GIVEN MATERIAL:
------------
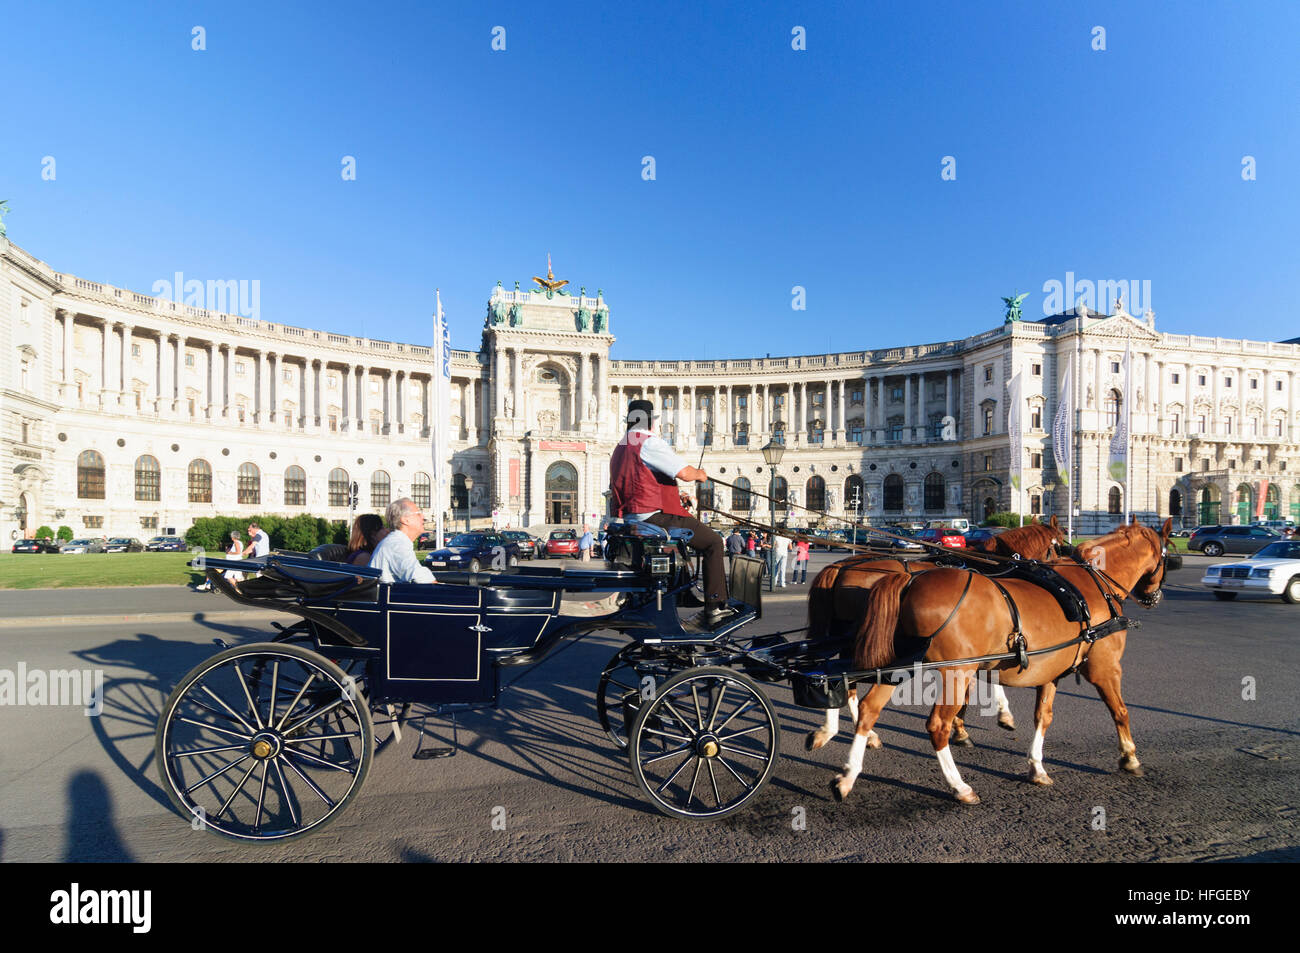 Wien, Vienne : Neue Burg (le sud-est de l'aile de la Hofburg) avec une statue Du Prince Eugene, Fiaker (cheval), Wien, Autriche Banque D'Images
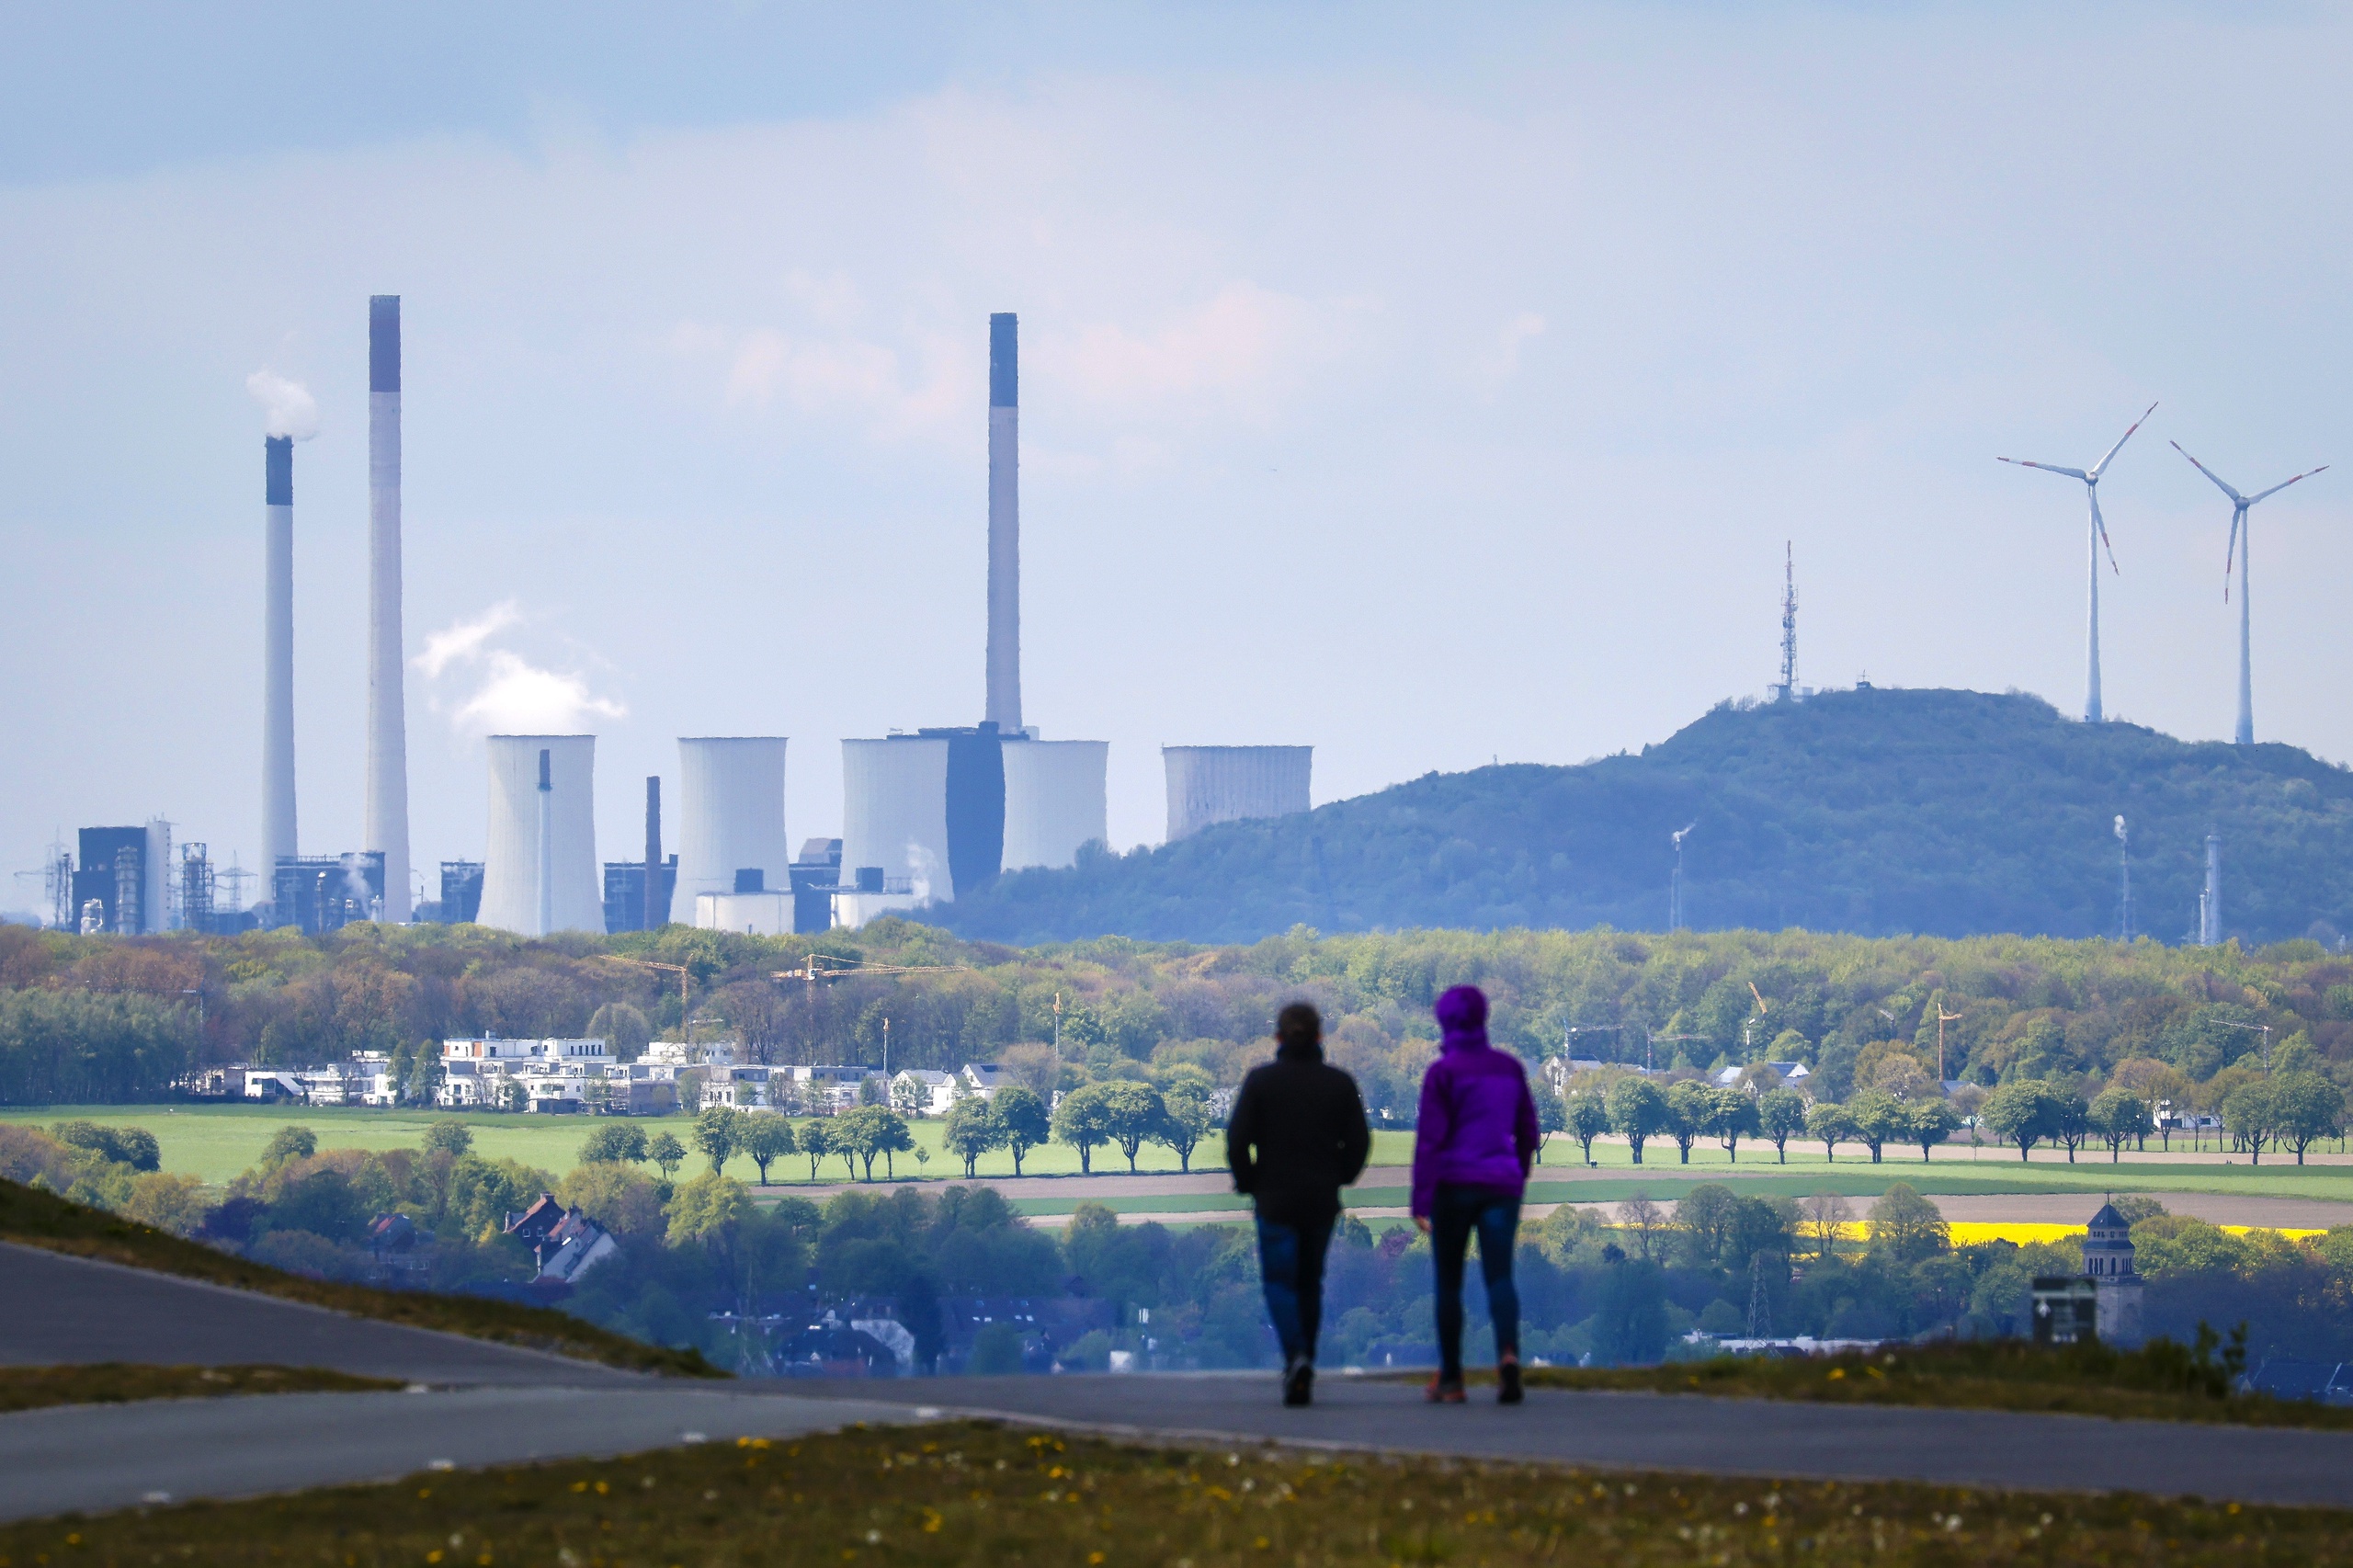 De Europese Unie heeft voor bijna 100 miljard euro aan uitstootvergunningen vergeven aan de vervuilende industrie, zo stelt het Wereldnatuurfonds (WWF).
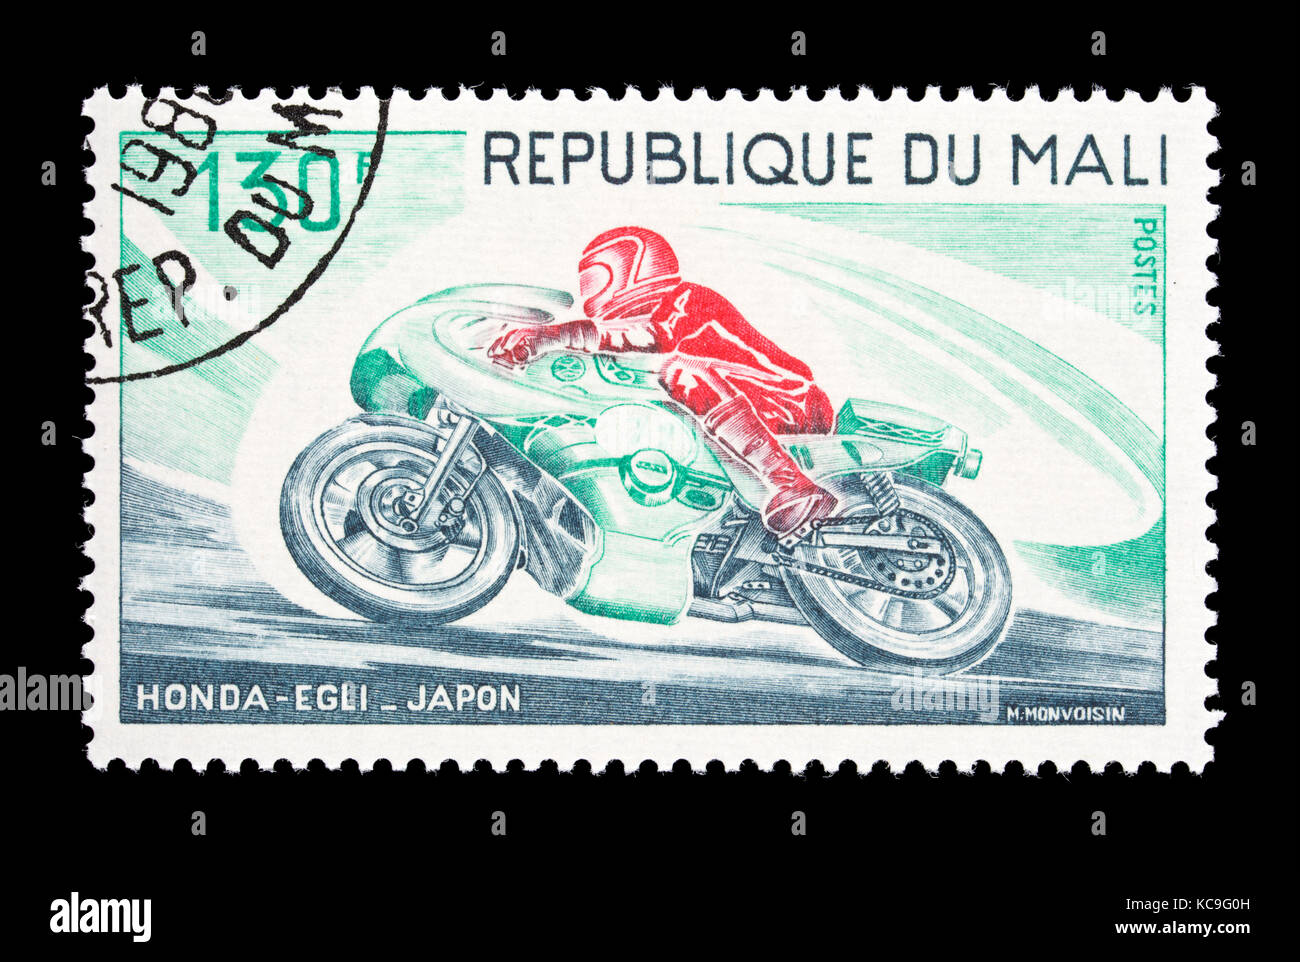 Francobollo da Mali raffigurante un uomo a cavallo di un Honda-Egli sport moto dal Giappone Foto Stock
------------
EXERCISE PROMPT:
Copy out all the data exactly. No images belong in the copy.

TASK OUTPUT:
 Wien, Vienne : Neue Burg (le sud-est de l'aile de la Hofburg) avec une statue Du Prince Eugene, Fiaker (cheval), Wien, Autriche Banque D'Images
 De Europese Unie heeft voor bijna 100 miljard euro aan uitstootvergunningen vergeven aan de vervuilende industrie, zo stelt het Wereldnatuurfonds (WWF).
 Francobollo da Mali raffigurante un uomo a cavallo di un Honda-Egli sport moto dal Giappone Foto Stock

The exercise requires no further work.